[Brief] This exercise calls for the whole listing to be given again exactly, without images.

[Data segment]
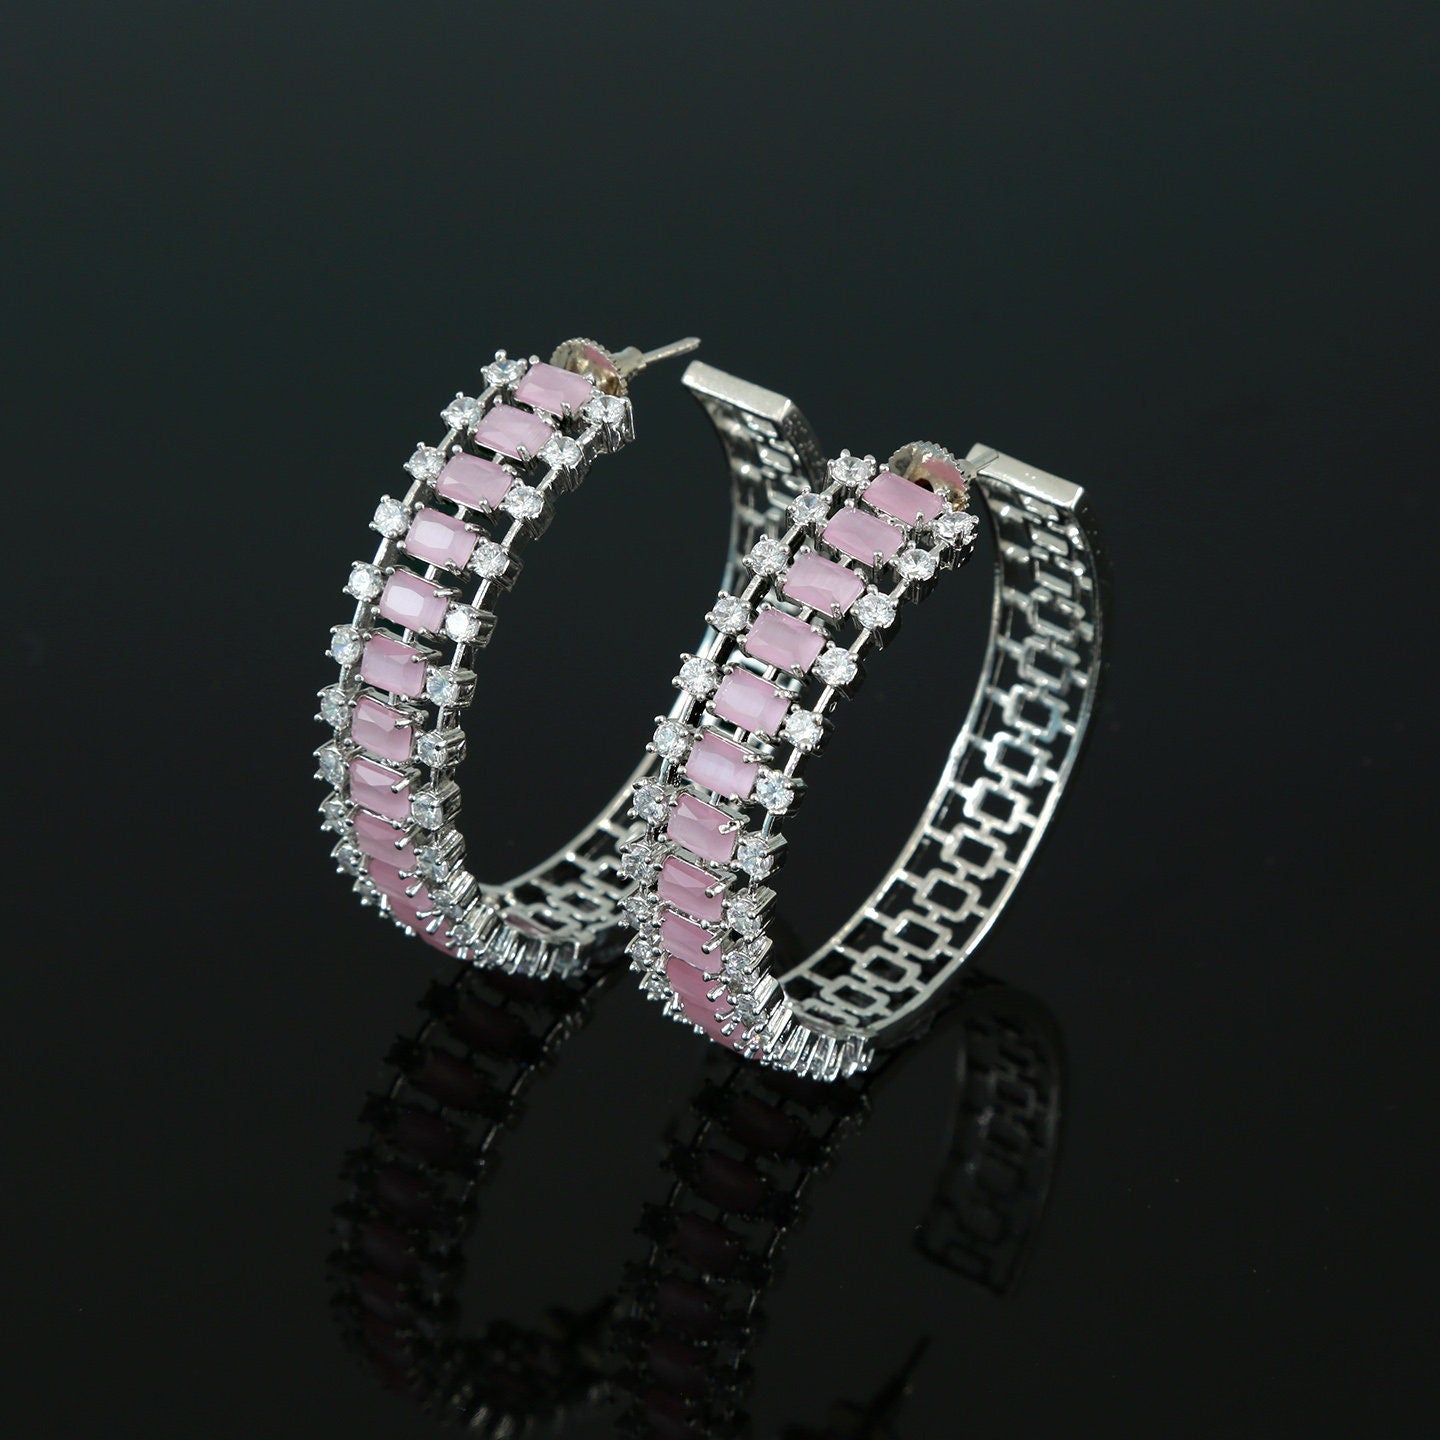 Rhodium plated Large Circle AD Chandbali earrings | Indian Jewelry Earrings | chand bali earrings for saree | CZ Diamond Statement Earrings
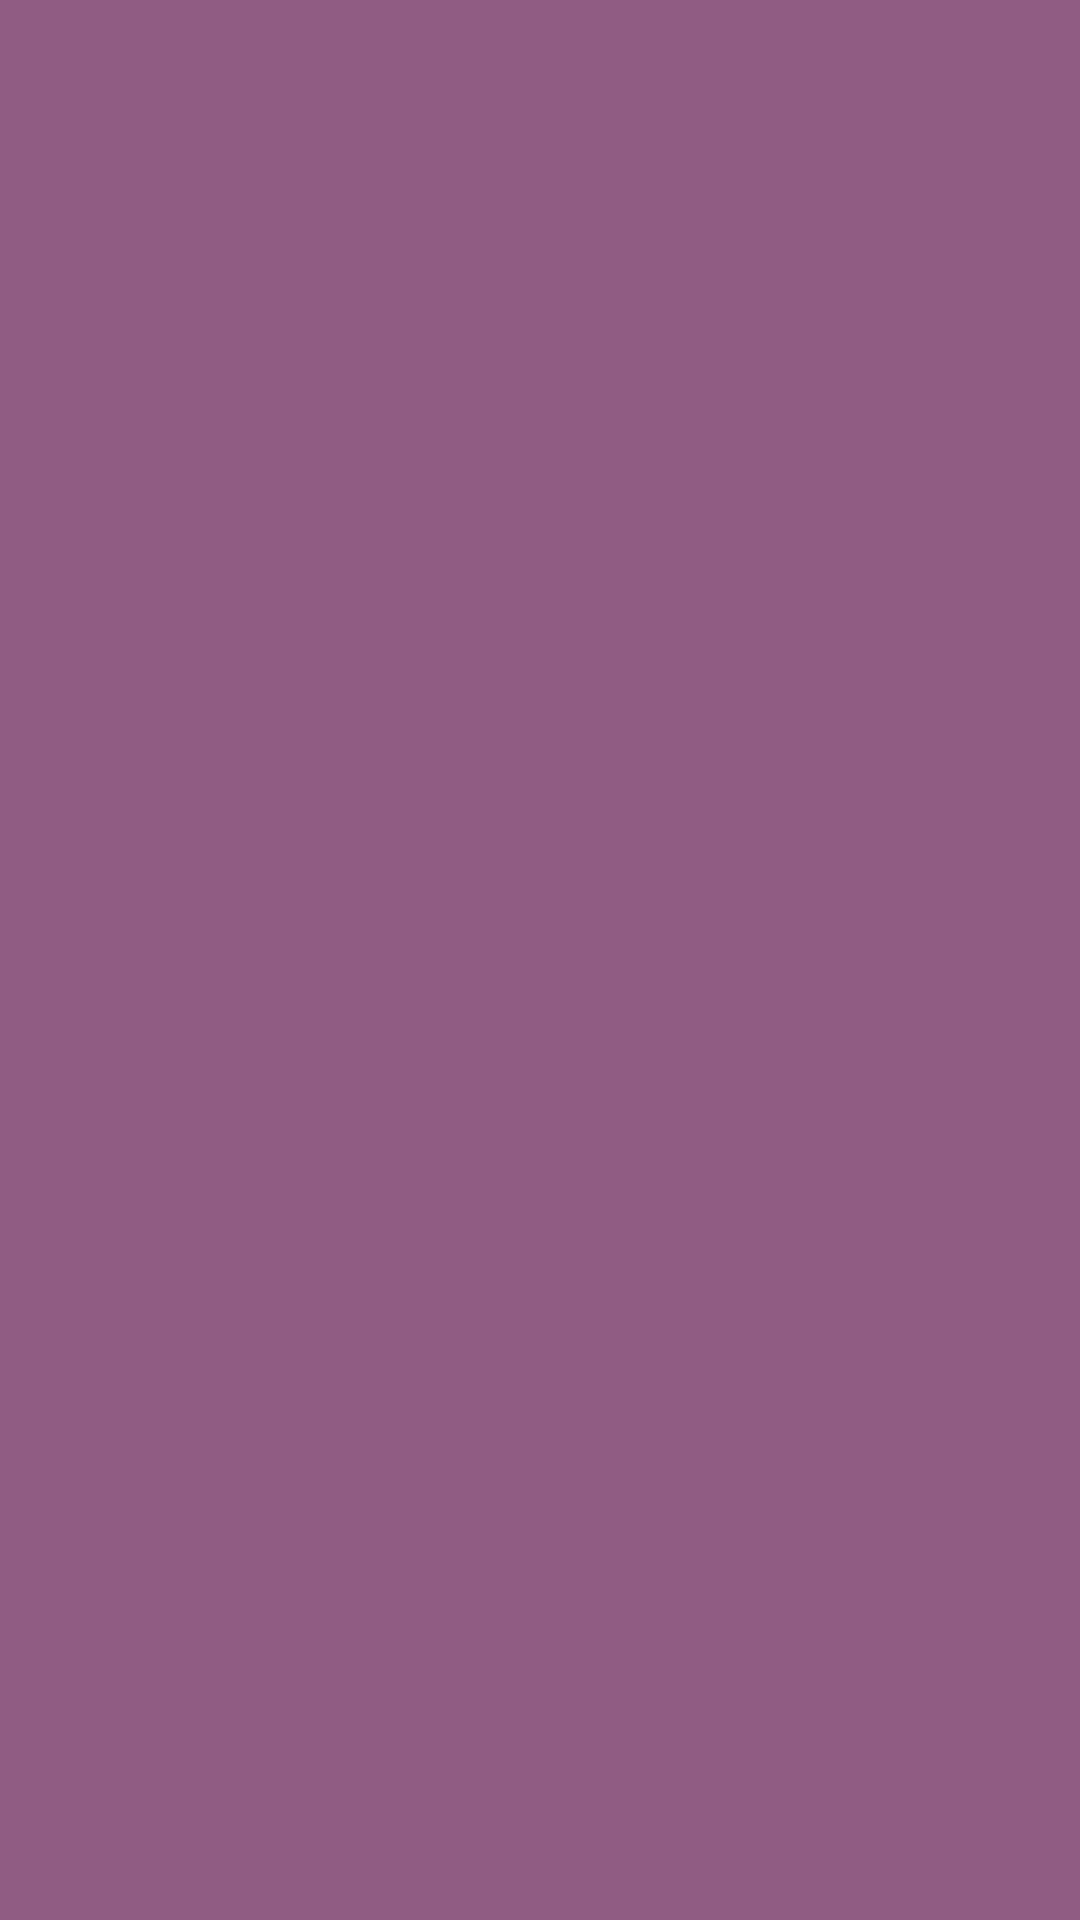 1080x1920 Antique Fuchsia Solid Color Background
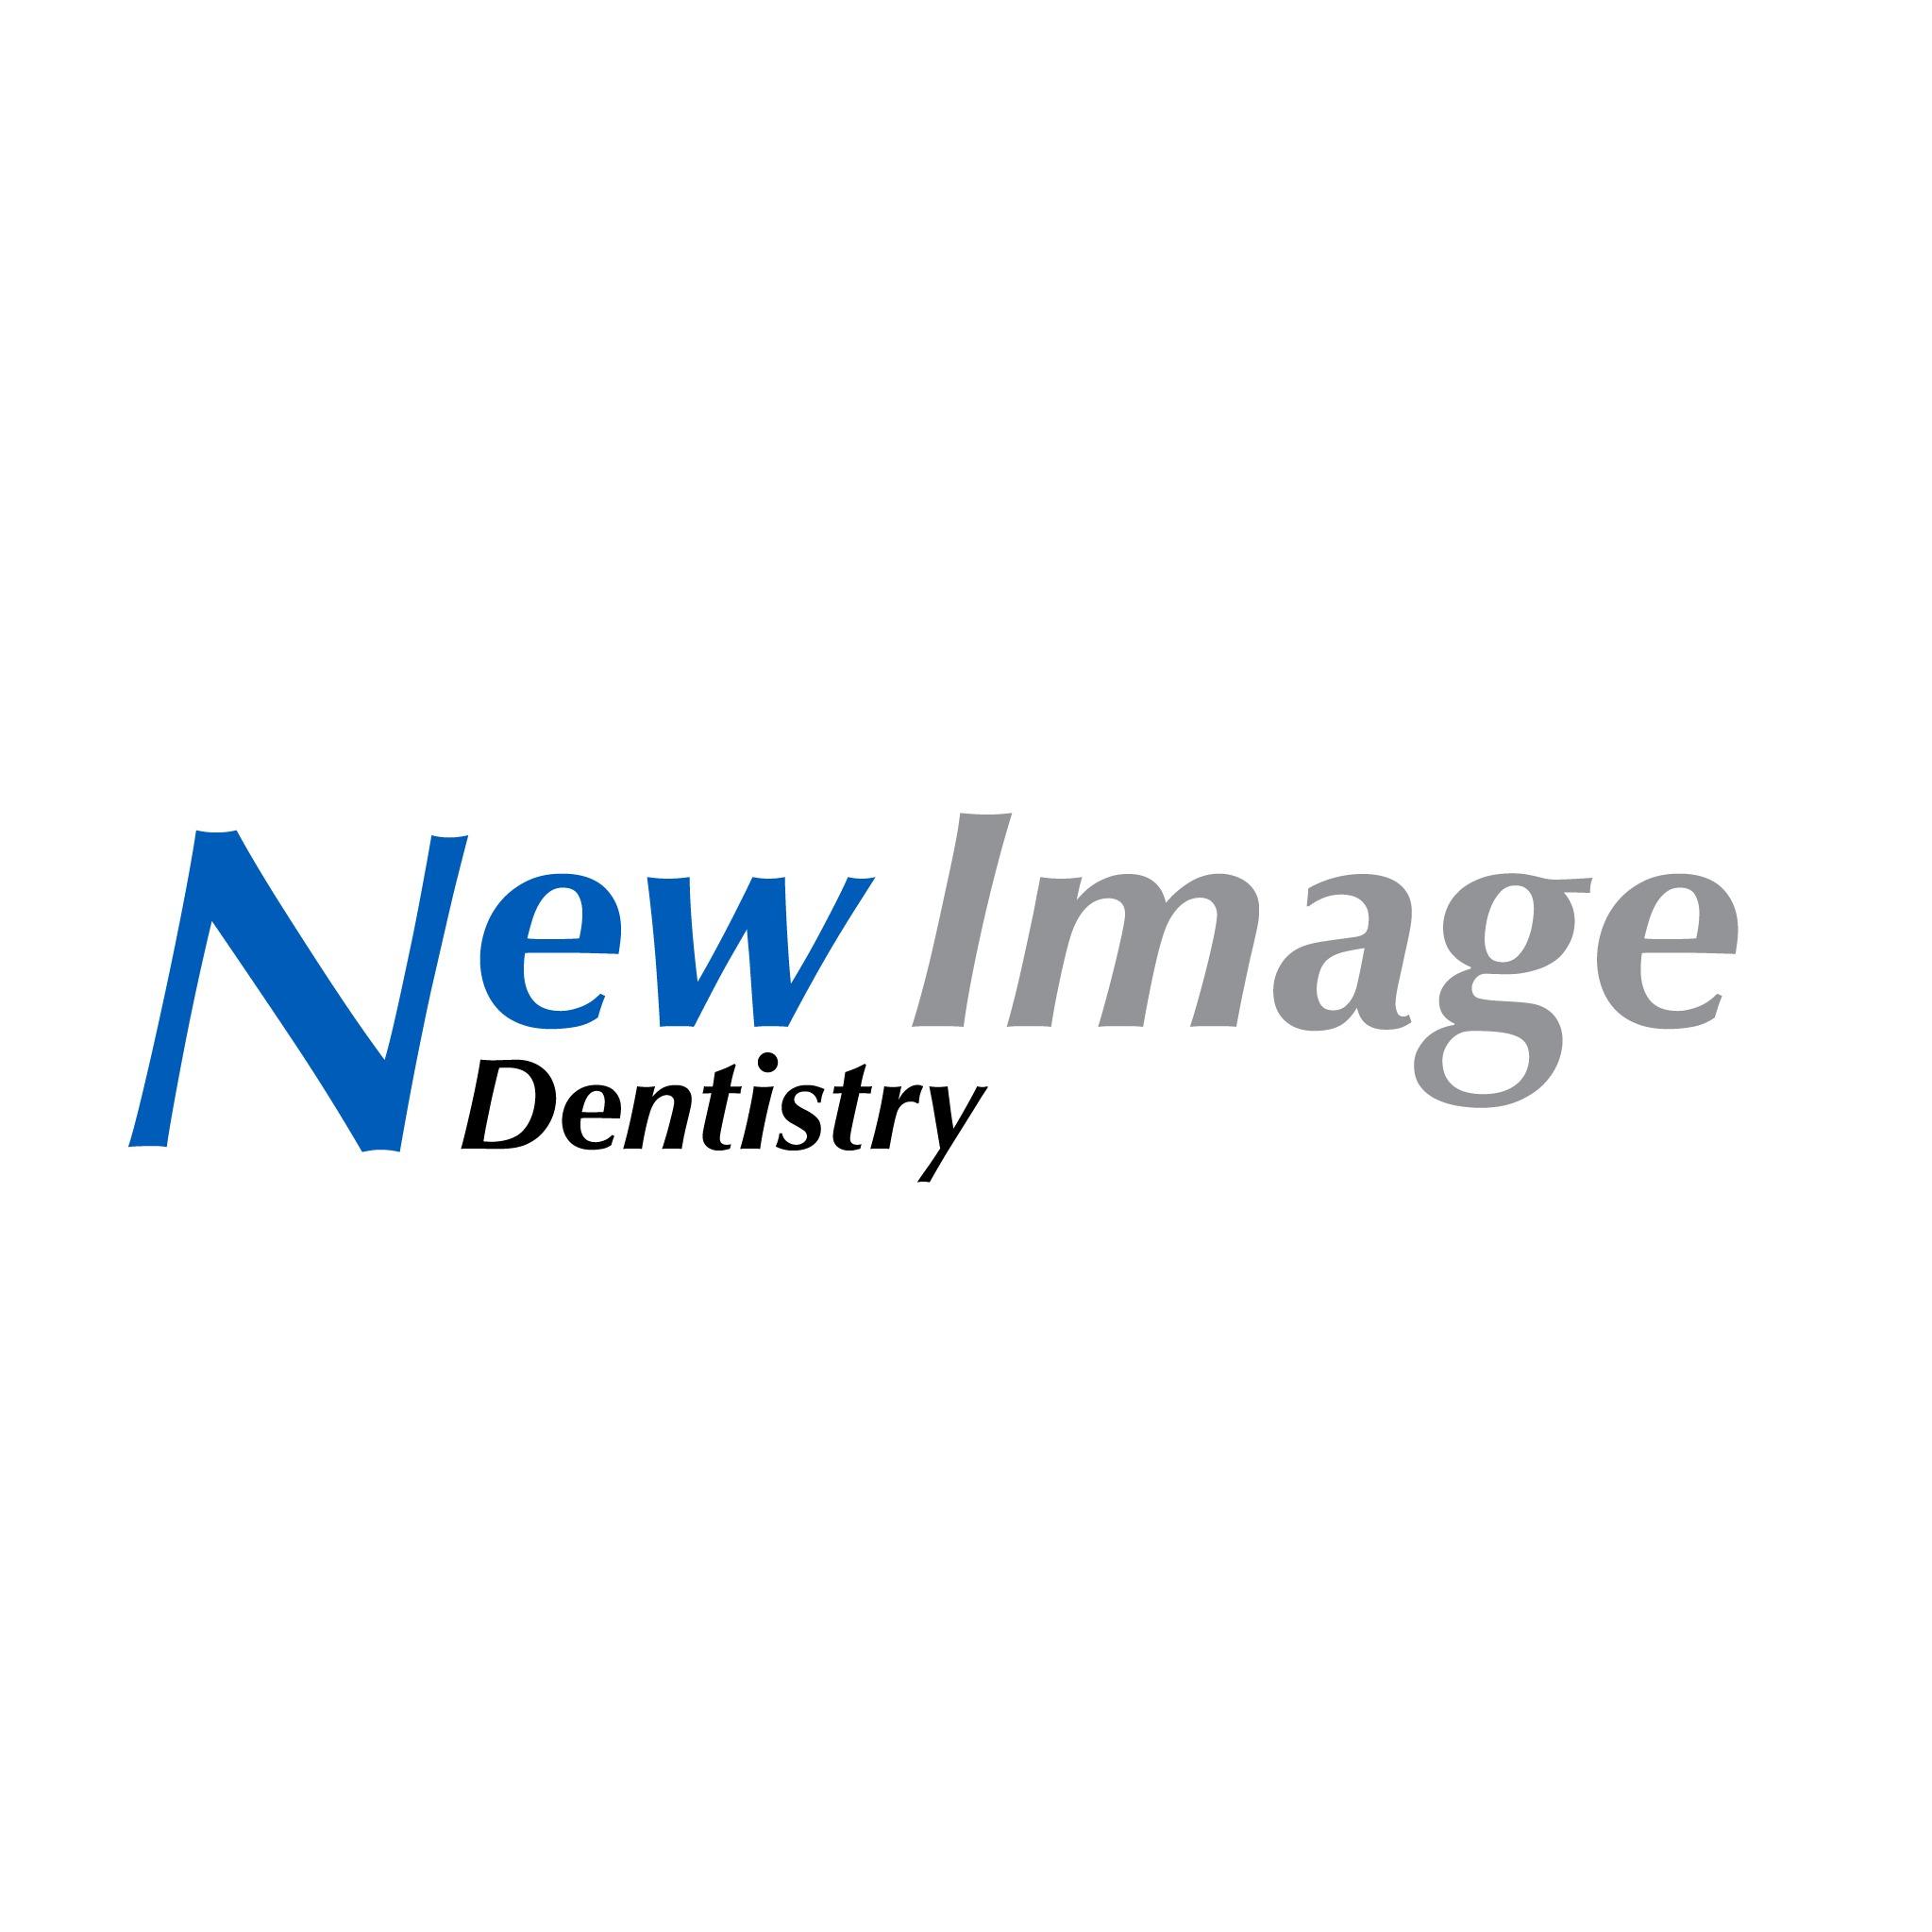 New Image Dentistry Photo

[Task response]
 Rhodium plated Large Circle AD Chandbali earrings | Indian Jewelry Earrings | chand bali earrings for saree | CZ Diamond Statement Earrings
 1080x1920 Antique Fuchsia Solid Color Background
 New Image Dentistry Photo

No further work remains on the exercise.